Fanny McBride was a large, cheerful, indomitable Tyneside widow with a large, cheerful family. When she reached her fifties, she began to feel, for the first time in her life, a little lonely. All but one of her sons and daughters had married and left home, leaving her with spare time on her hands.
Being a woman of resource, Fanny took on a job at the local 'Ladies', which was to prove a surprisingly stimulating experience.
Another new interest was the arrival of some rather odd neighbours at Malhattan's Hall, the tenement block which was Fanny's home. Then there was her long-standing feud with Mrs Flannagan, the problem of the favourite child's unsuitable marriage, and the puzzle of Fanny's one unmarried son, who was far from being a typical McBride . . .

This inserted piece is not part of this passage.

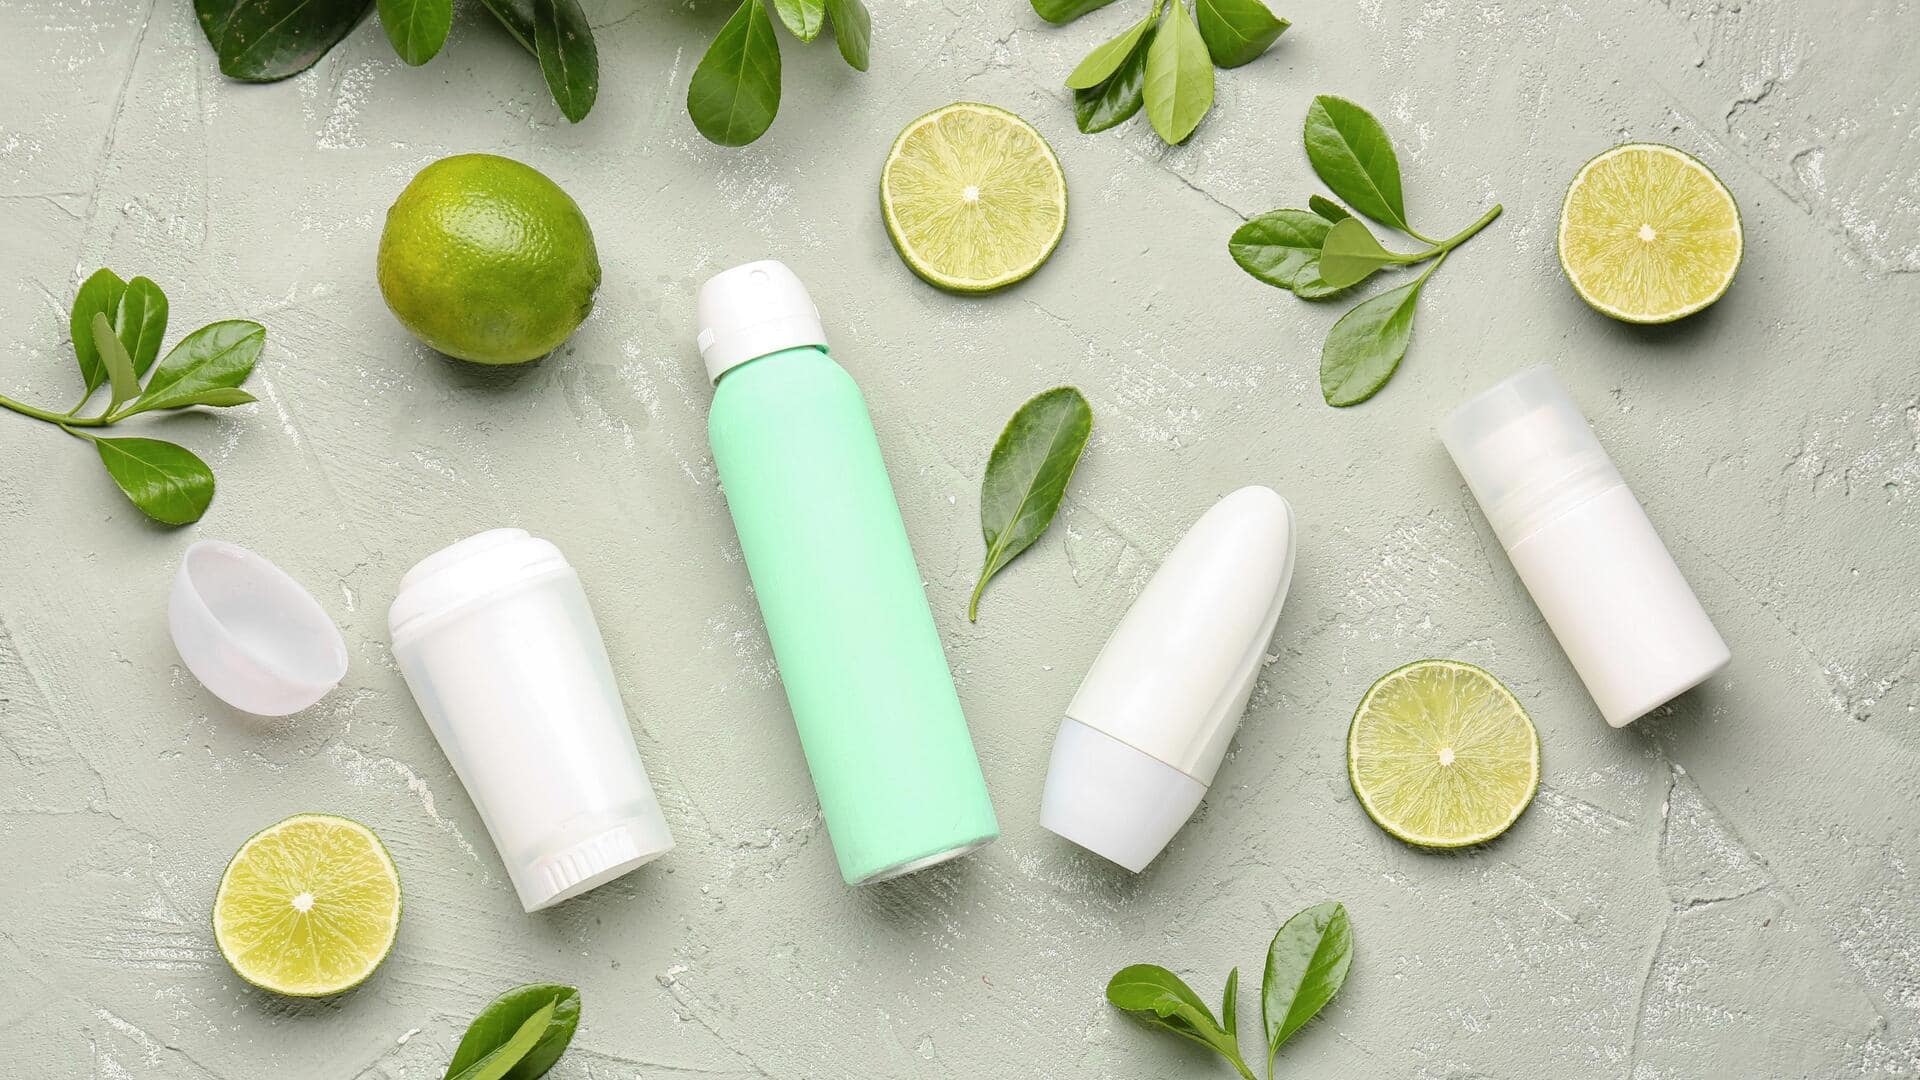 Perfume, roll-on, deodorant spray: Which is best for you?

Catherine Cookson was born in Tyne Dock, the illegitimate daughter of a poverty-stricken woman, Kate, whom she believed to be her older sister. She began work in service but eventually moved south to Hastings, where she met and married Tom Cookson, a local grammar-school master. Although she was originally acclaimed as a regional writer - her novel The Round Tower won the Winifred Holtby Award for the best regional novel of 1968 - her readership quickly spread throughout the world, and her many best-selling novels established her as one of the most popular of contemporary women novelists. After receiving an OBE in 1985, Catherine Cookson was created a Dame of the British Empire in 1993. She was appointed an Honorary Fellow of St Hilda’s College, Oxford, in 1997. For many years she lived near Newcastle upon Tyne. She died shortly before her ninety-second birthday, in June 1998.